Many people stopped to see the child. Among them was a young priest. He had been listening for everyone who stopped for a while. He had a severe face, with a large brow, and a profound glance. Eventually, he thrust the crowd silently aside, and proclaimed that he would be the one to adopt the child.

He took it in his cassock and carried it off. The spectators followed him with frightened glances. A moment later, he had disappeared through the door, which led from the church to the cloister.

When the first surprise was over, one of the spectators bent down to the ear of another,—

“I told you so, sister,—that young clerk, Monsieur Claude Frollo, is a sorcerer.”

Chapter II

Claude Frollo

In fact, Claude Frollo was no common person.
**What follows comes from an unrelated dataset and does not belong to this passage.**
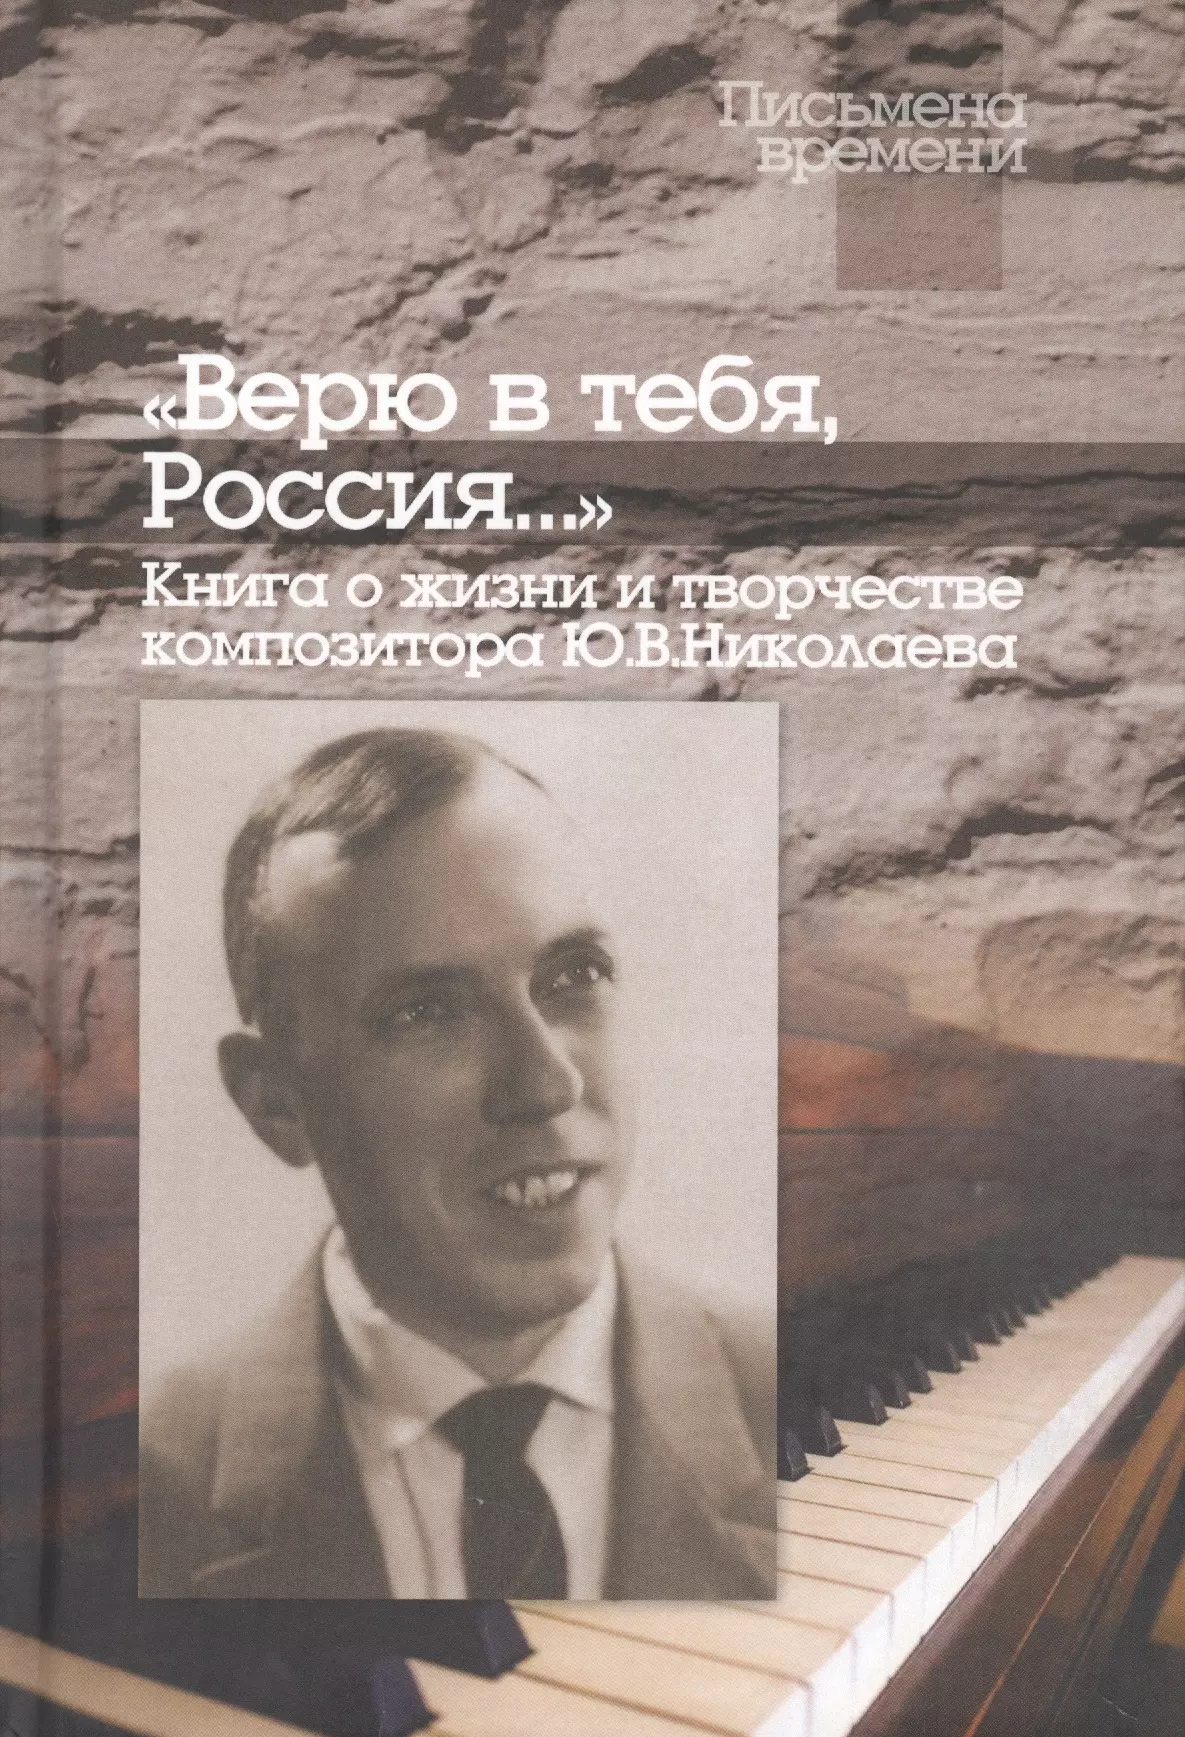  - "Верю в тебя, Россия…" Книга о жизни и творчестве композитора Ю.В.Николаева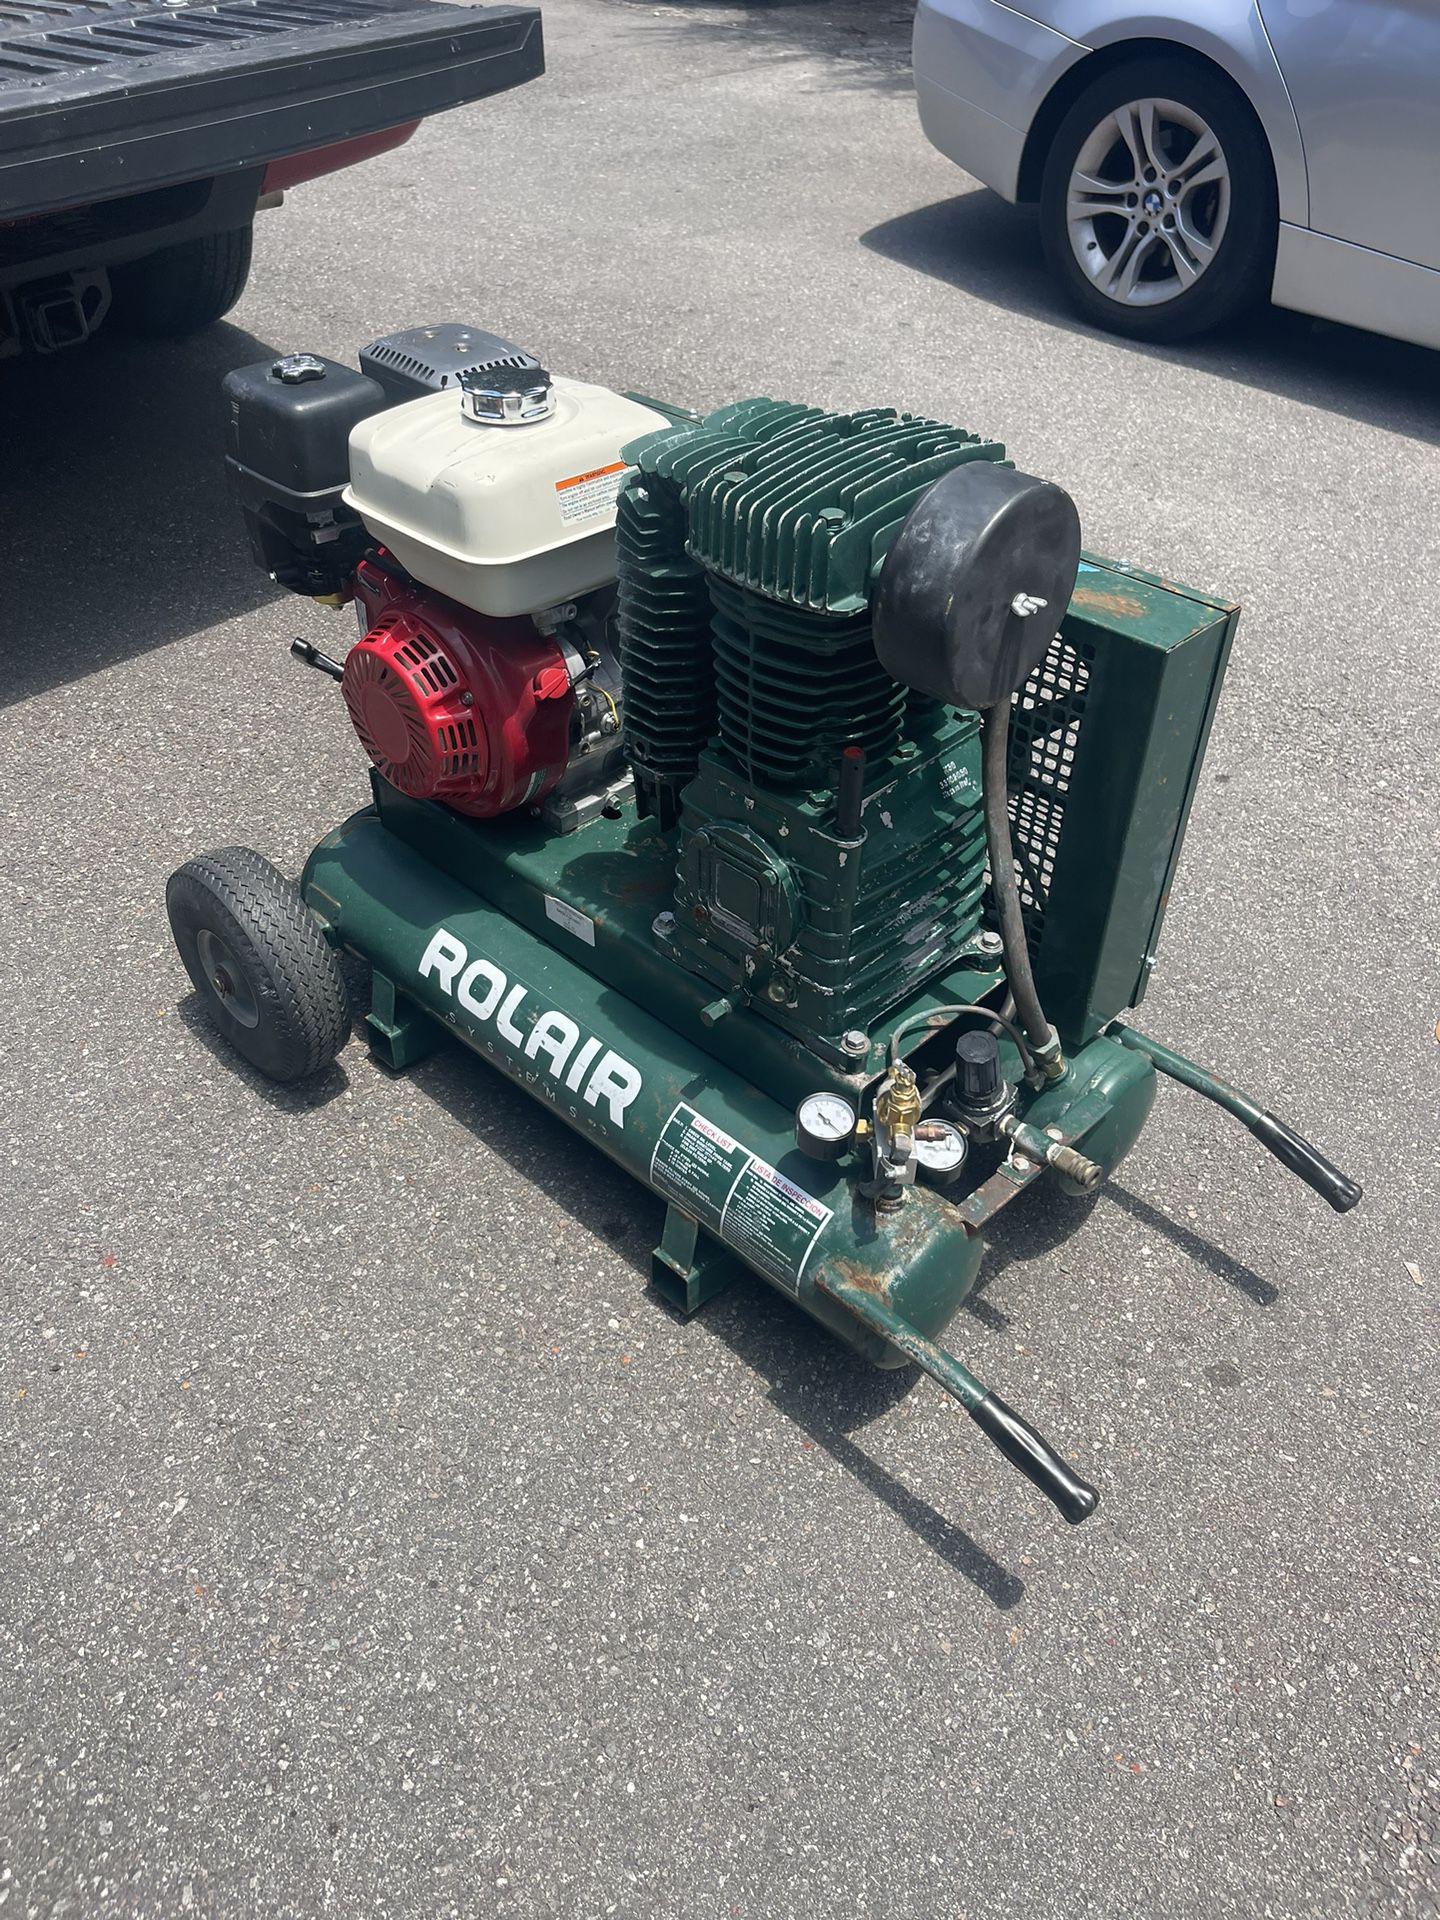 Compressor Rolair + 2 hose 1 adapter

He belonged to one of those middle-class families which were called the high bourgeoise or the petty nobility.

He had been destined from infancy, by his parents, to the ecclesiastical profession. He had been taught to read in Latin; he had been trained to keep his eyes on the ground and to speak low. While still a child, his father had cloistered him in the college of Torchi in the University.

Frollo was a sad, grave, serious child, who studied ardently, and learned quickly. Thus, at sixteen years of age, he might have held his own against a father of the church in mystical theology; in canonical theology, against a father of the councils; in scholastic theology, against a doctor of Sorbonne.

Theology conquered, he had plunged into decretals. Then he flung himself upon medicine, on the liberal arts. At the age of eighteen, he had made his way through the four faculties; it seemed to the young man that life had but one sole object: learning.

The excessive heat of the summer of 1466 caused that grand outburst of the plague which carried off more than forty thousand souls in Paris. The rumor spread in the University that the Rue Tirechappe was especially devastated by it. It was there that Claude’s parents resided. The young scholar rushed in great alarm to the paternal mansion. When he entered it, he found that both father and mother had died on the preceding day. A very young brother of his, was still alive and crying abandoned in his cradle. This was all that remained to Claude of his family. Up to that moment, he had lived only in science; he now began to live in life.

This catastrophe was a crisis in Claude’s existence. Orphaned, the eldest, head of the family at the age of nineteen, he felt himself rudely recalled from school to the realities of this world. Then, moved with pity, he was seized with passion and devotion towards the child, his brother.

This young brother, without mother or father, this little child which had fallen abruptly from heaven into his arms, made a new man of him. He threw himself into the love for his little Jehan with the passion of a character already profound, ardent, concentrated; that poor frail creature, pretty, fair-haired, rosy, and curly, touched him to the bottom of his heart. He was more than a brother to the child; he became a mother to him.

Little Jehan had lost his mother while he was still at the breast; Claude gave him to a nurse. There was a miller’s wife there who was nursing a fine child; it was not far from the university, and Claude carried the little Jehan to her in his own arms.

From that time forth, feeling that he had a burden to bear, he took life very seriously. The thought of his little brother became not only his recreation, but the object of his studies. He resolved to consecrate himself entirely to a future for which he was responsible in the sight of God, and never to have any other wife, any other child than the happiness and fortune of his brother. At the age of twenty, he was a priest, and served as the youngest of the chaplains of Notre-Dame.